It will be appreciated that, apart from magnetic mechanisms, other anchor-and-snag type tactile alignment means may alternatively be used such as suckers, hook-and-loop arrangements, ridge-and-groove arrangements and the like. Likewise these may be designed to selectively couple with only a selection of different power jacks in a common surface.

Visual Alignment Mechanisms

With reference to FIGS. 6a-e exemplary visual alignment mechanisms for a pinless power plug 120 are shown. FIGS. 6a-c show a pinless power plug 120 having a first visual indicator 250 consisting of two indicator LEDs: a rough alignment indicating orange LED 252 and fine alignment indicating green LED 254. A pinless power jack 110 is concealed beneath an opaque surface 130. FIG. 6a shows the pinless power plug 120 at a large distance from the pinless power jack 110 with neither of the two indicator LEDS being activated. FIG. 6b shows the pinless power plug 120 partially aligned with the pinless power jack 110 and the orange indicator LED 252 being lit up. This alerts a user that the plug 120 is in proximity with a pinless power jack 110, but is not properly aligned therewith.
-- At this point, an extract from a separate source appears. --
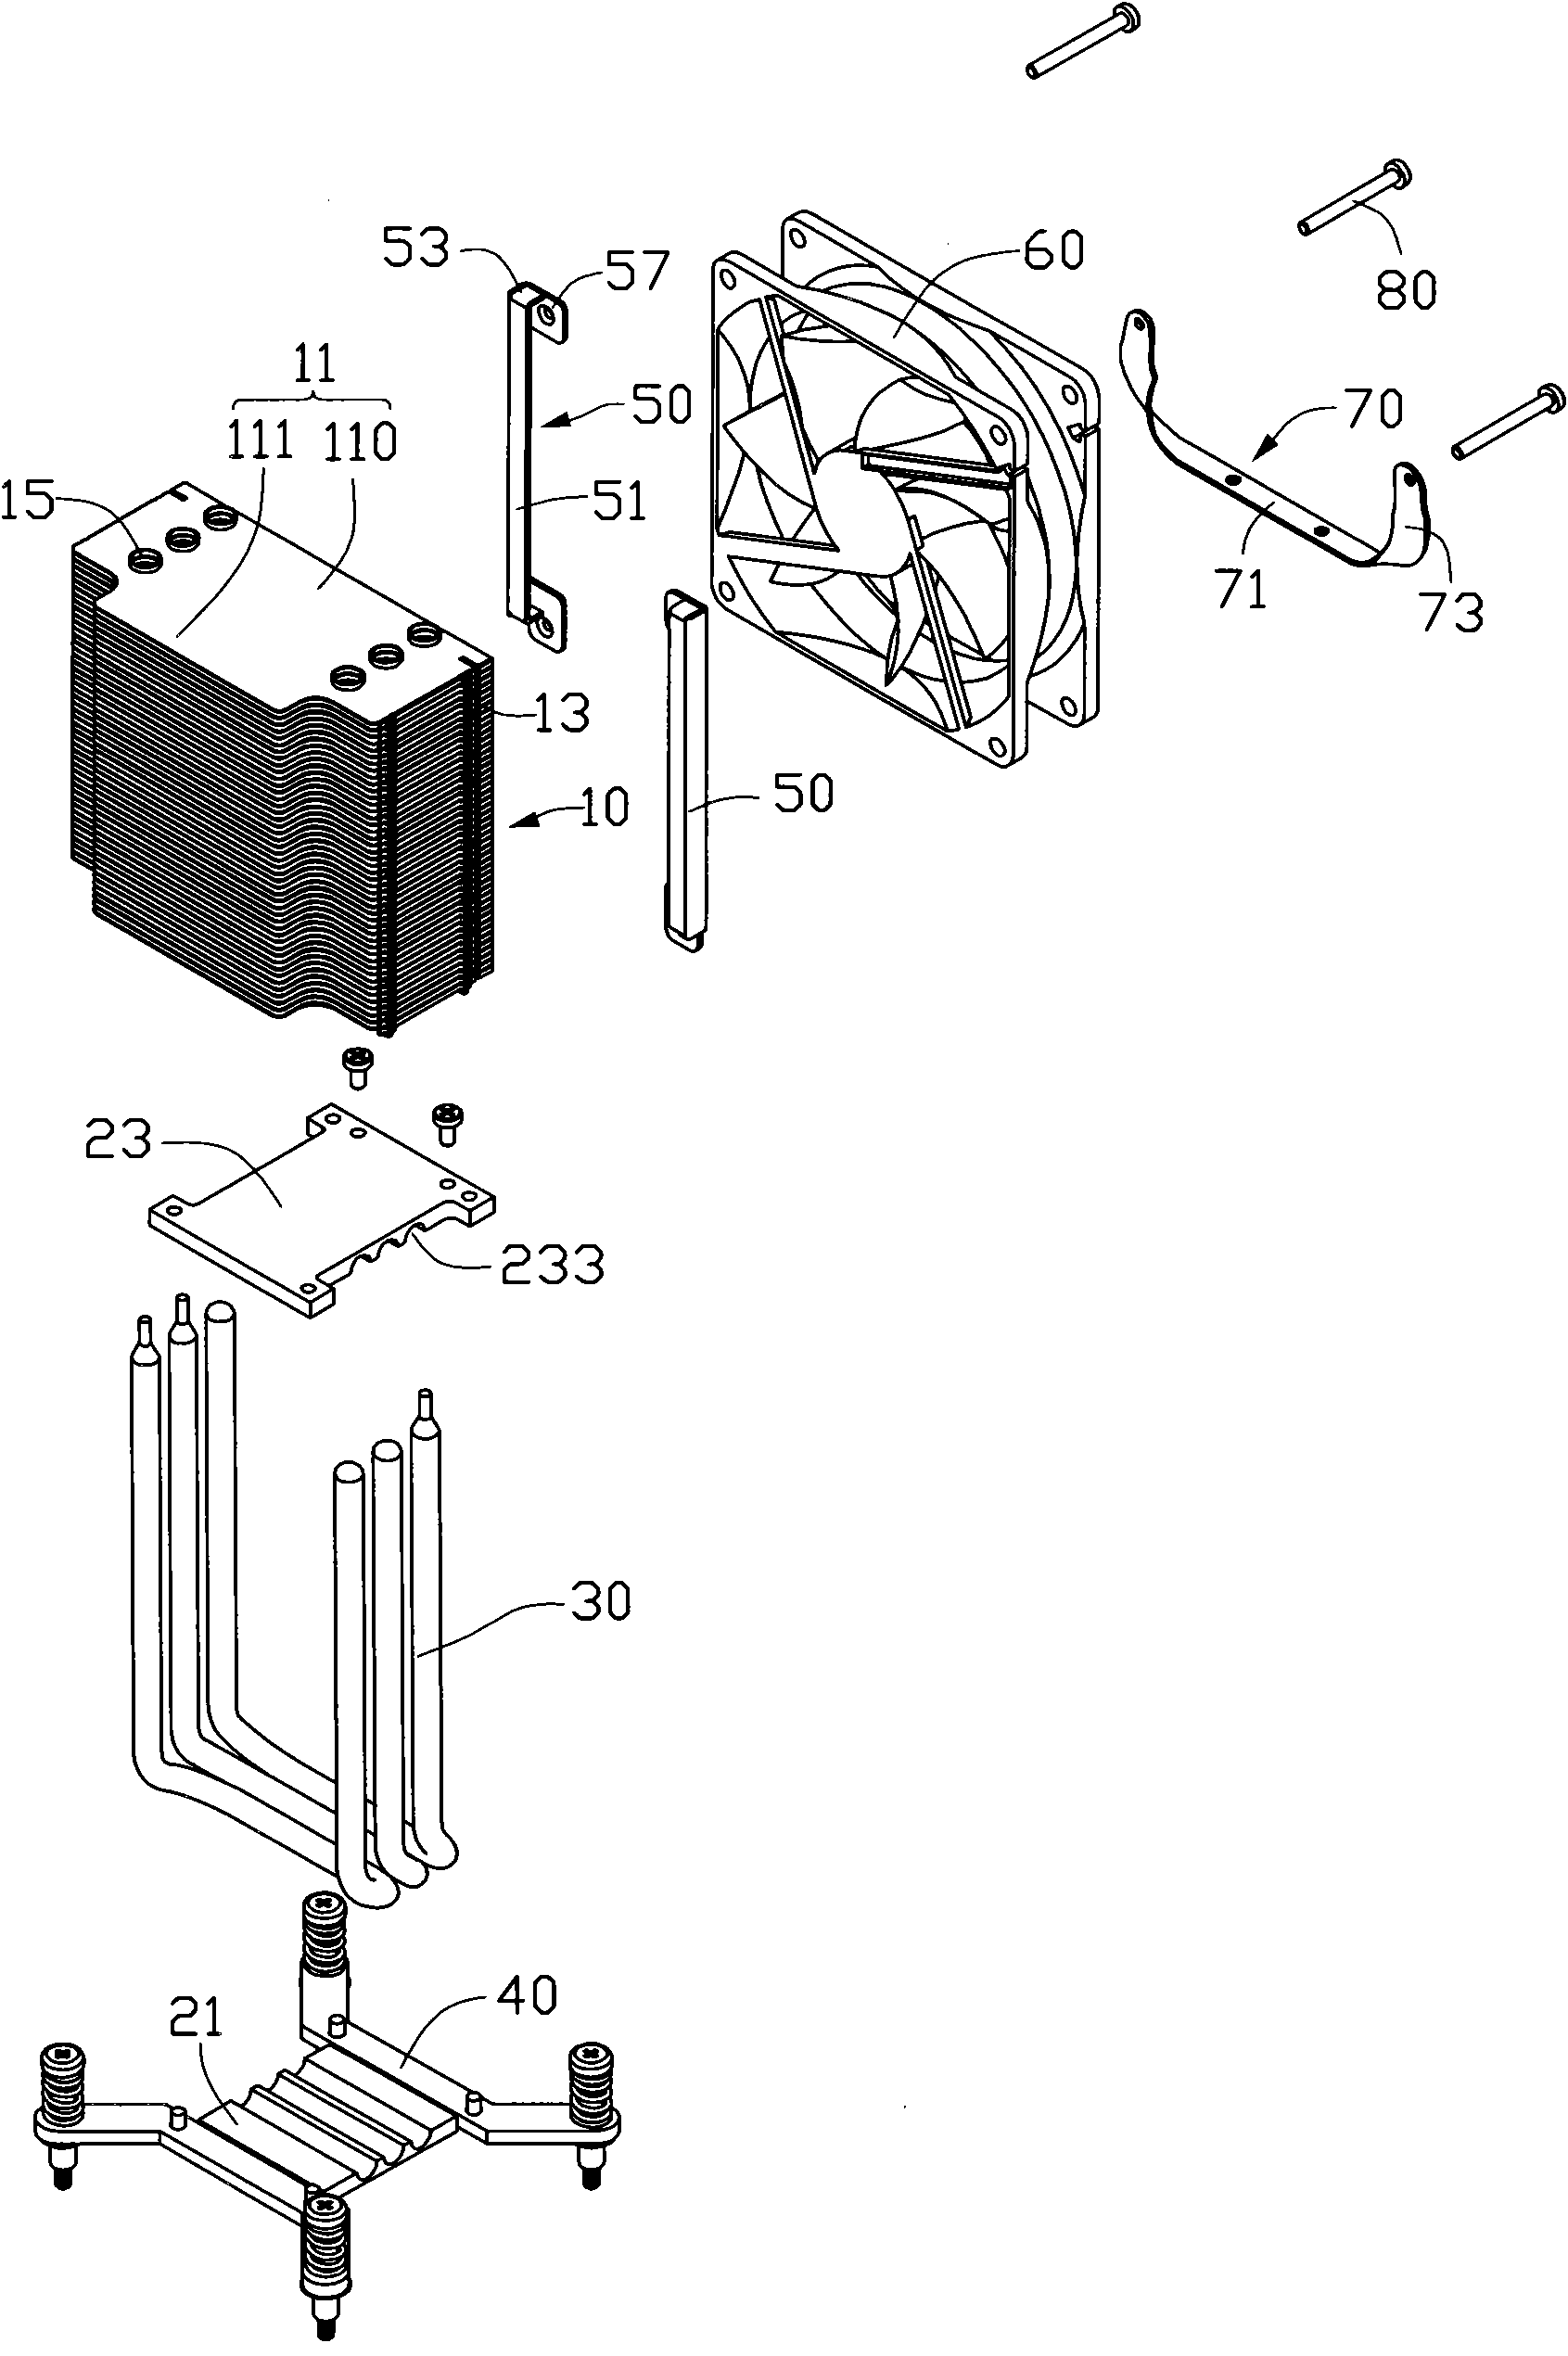 Heat radiator

Referring to FIG. 6c, when the pinless power plug 120 is optimally aligned with the pinless power jack 110, the green indicator LED 254 is activated to signal to a user that the plug 120 and (concealed) jack 110 are properly aligned and optimal power transfer is possible.

FIG. 6d shows a second visual indicator consisting of a plurality of LEDs in a strip 260; it being appreciated that a larger number of LEDs provides for a greater degree of graduation in indication of proximity, and helps the user home in on the concealed jack. With reference to FIG. 6e, showing a third visual indicator, instead of or in addition to LEDs, an LCD display 265 may provide an alternative visual indicator, which can, in addition to providing indication of the degree of alignment, also provide indication of the current drawn by the load coupled to the plug, for example.
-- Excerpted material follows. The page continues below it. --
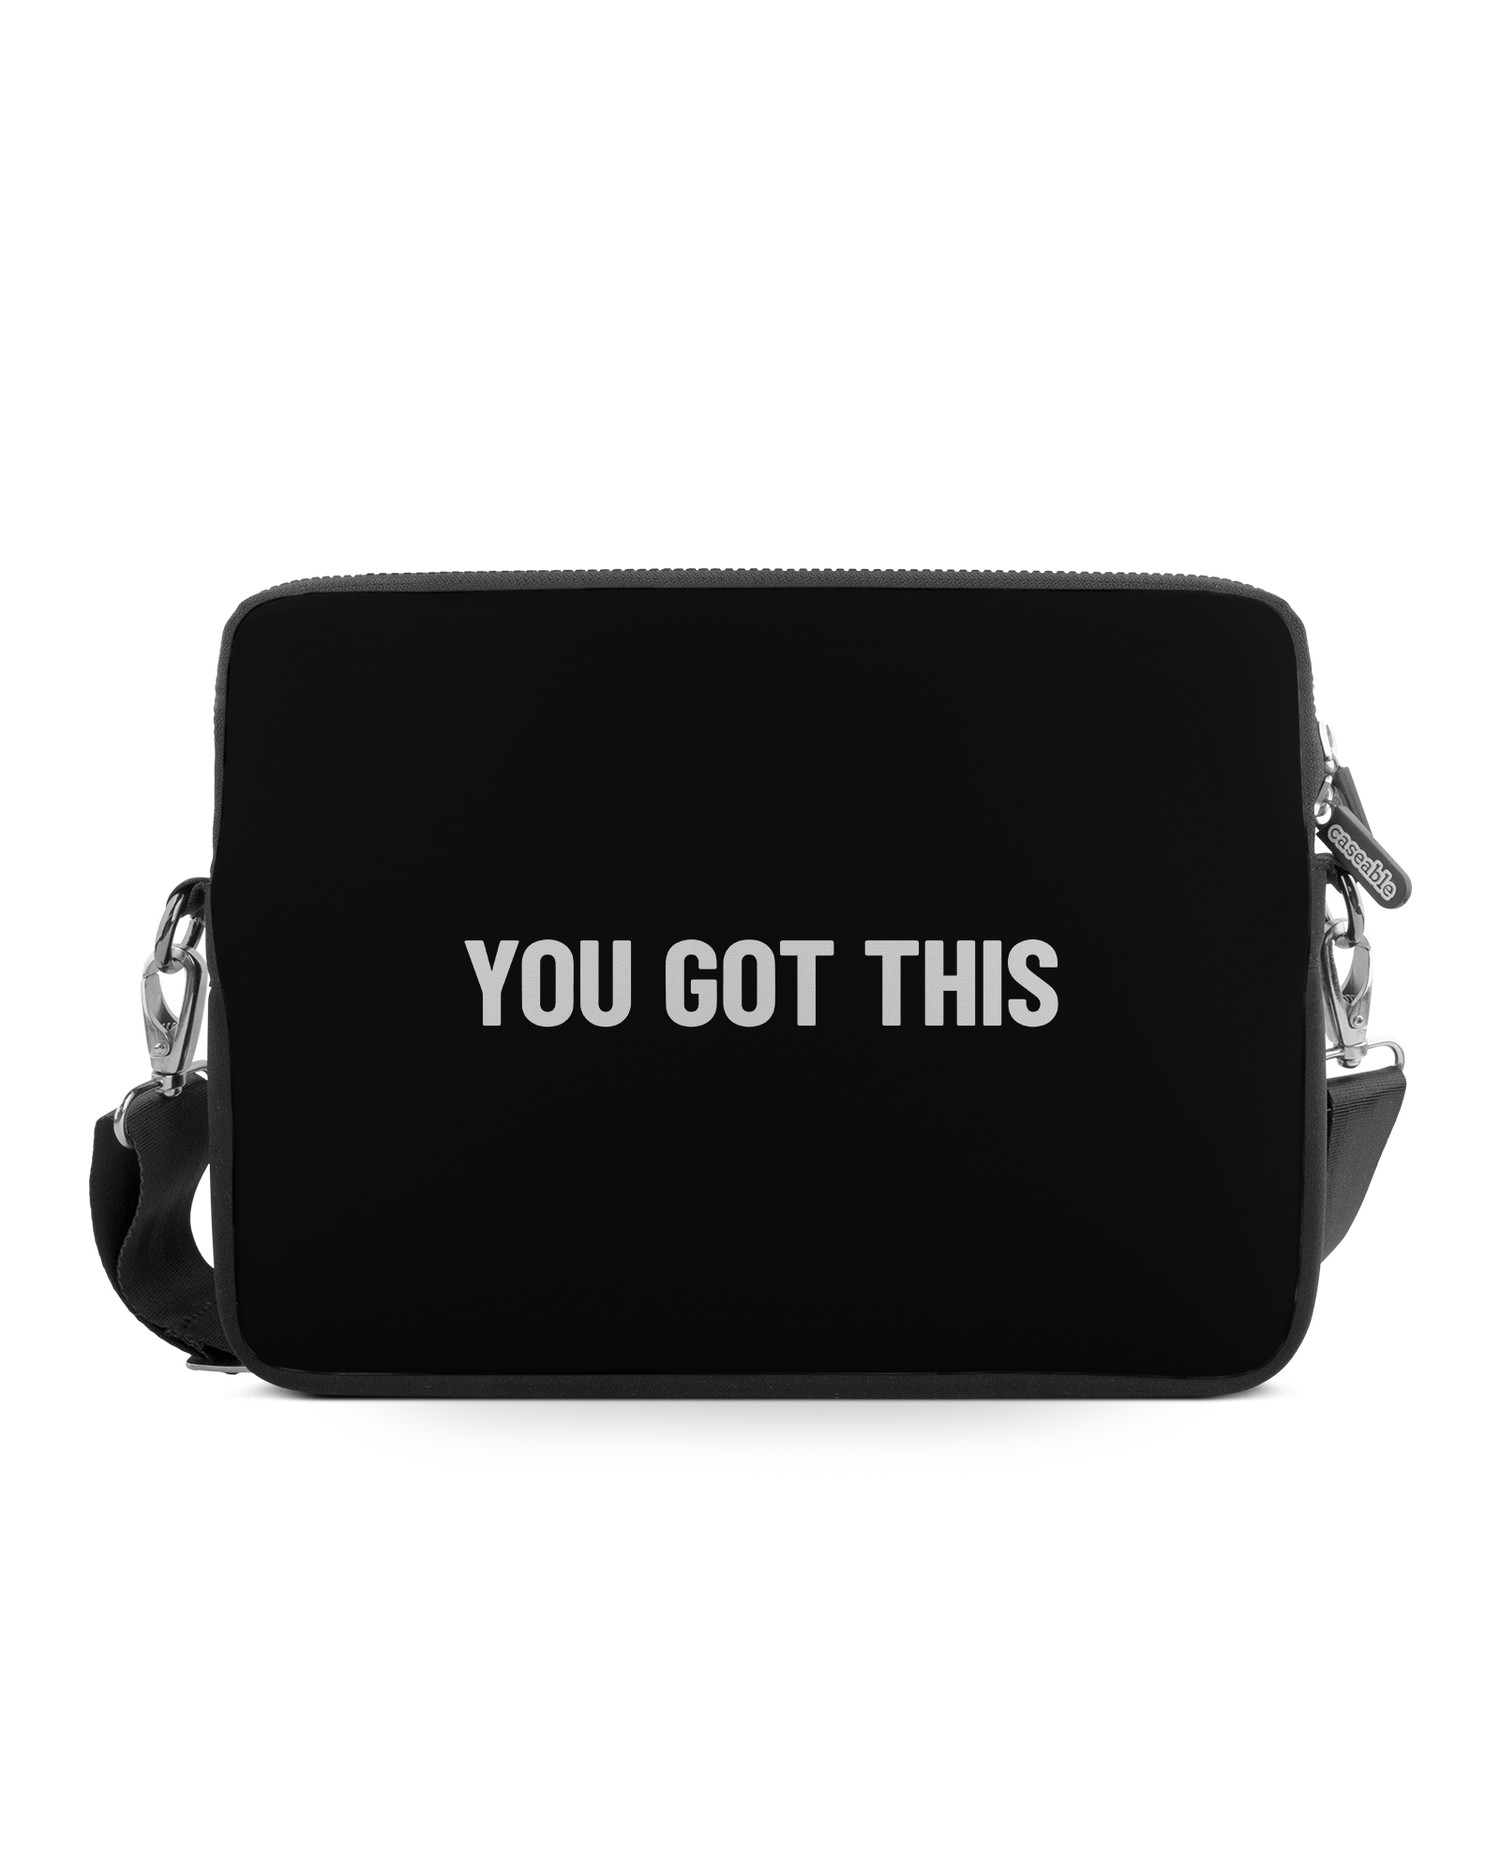 You Got This Black Premium Laptop Bag 17 inch: Front View

By their nature, LEDs are either illuminated or not illuminated, however proximity data may be encoded by flashing, frequency or the like. The intensity of power supplied to other types of indicator lamps may be used to indicate the degree of coupling, or a flashing indicator lamp may be provided, such that the frequency of flashing is indicative of degree of alignment. Indeed, where the load is an incandescent light source or the like, it may be used directly for alignment purposes, since poor alignment results in a noticeable dimming affect.
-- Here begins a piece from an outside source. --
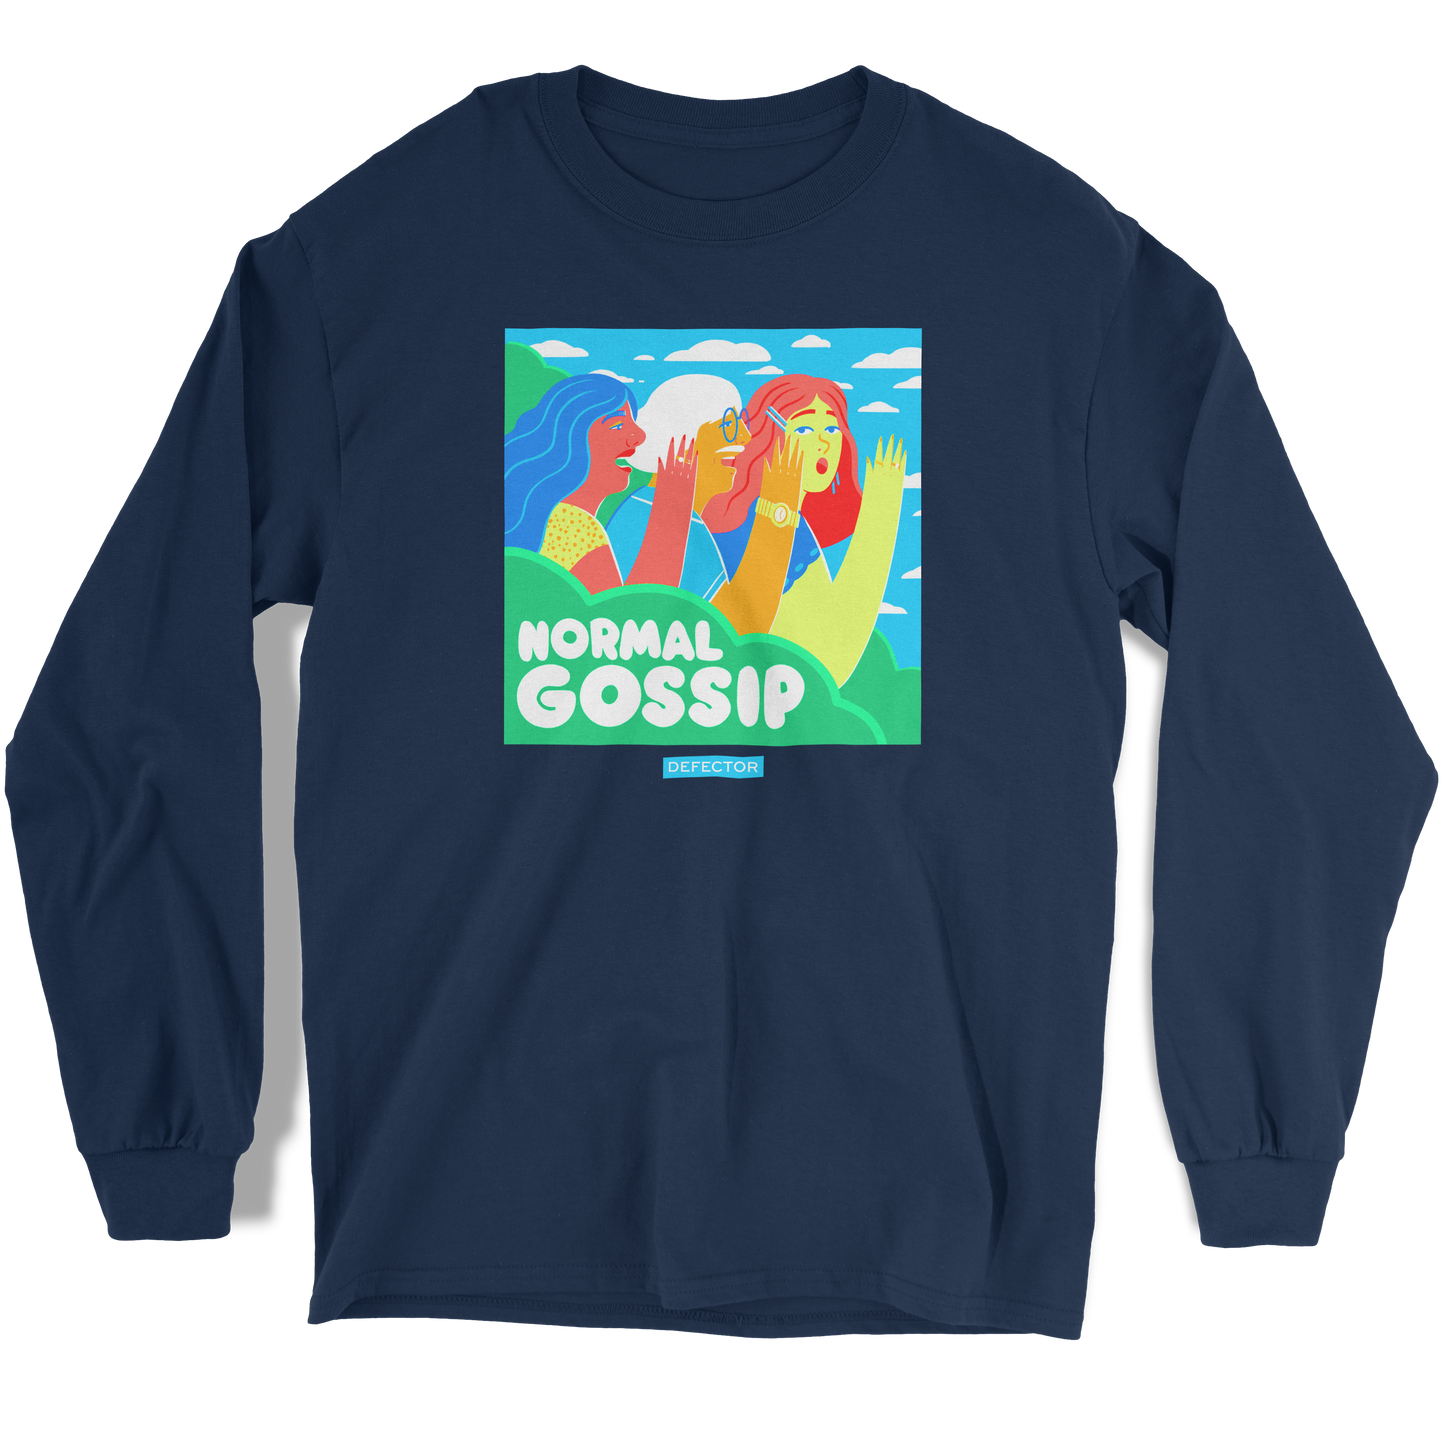 Normal Gossip logo long sleeve tee-shirt

Additionally or alternatively to plug-mounted visual indicators for jack-plug alignment surface-mounted visual indicators may be provided. Thus, with reference to FIGS. 7a-d, various exemplary visual alignment mechanisms are shown located upon a flat surface 130 in which a pinless power jack 110 has been embedded. In FIG. 7a, showing a fourth visual indicator, a mark 270 has been made on the flat surface 130 directly above the concealed pinless power jack 110. This enables the user to physically align the plug with the mark 270 and thus with the concealed jack FIG. 7b shows a fifth visual indicator 272 consisting of two indicator LEDs embedded in the surface 130. This works as per the embodiment of FIGS. 6b and 6c, mutatis mutandis to provide a graduated indication of alignment. Similarly, FIG. 7c shows a sixth visual indicator 274 consisting of a plurality of LEDs in a strip embedded in the surface 130 for a more graduated degree of alignment indication and FIG. 7d shows a seventh visual indicator 276 consisting of an LCD display embedded in the surface 130.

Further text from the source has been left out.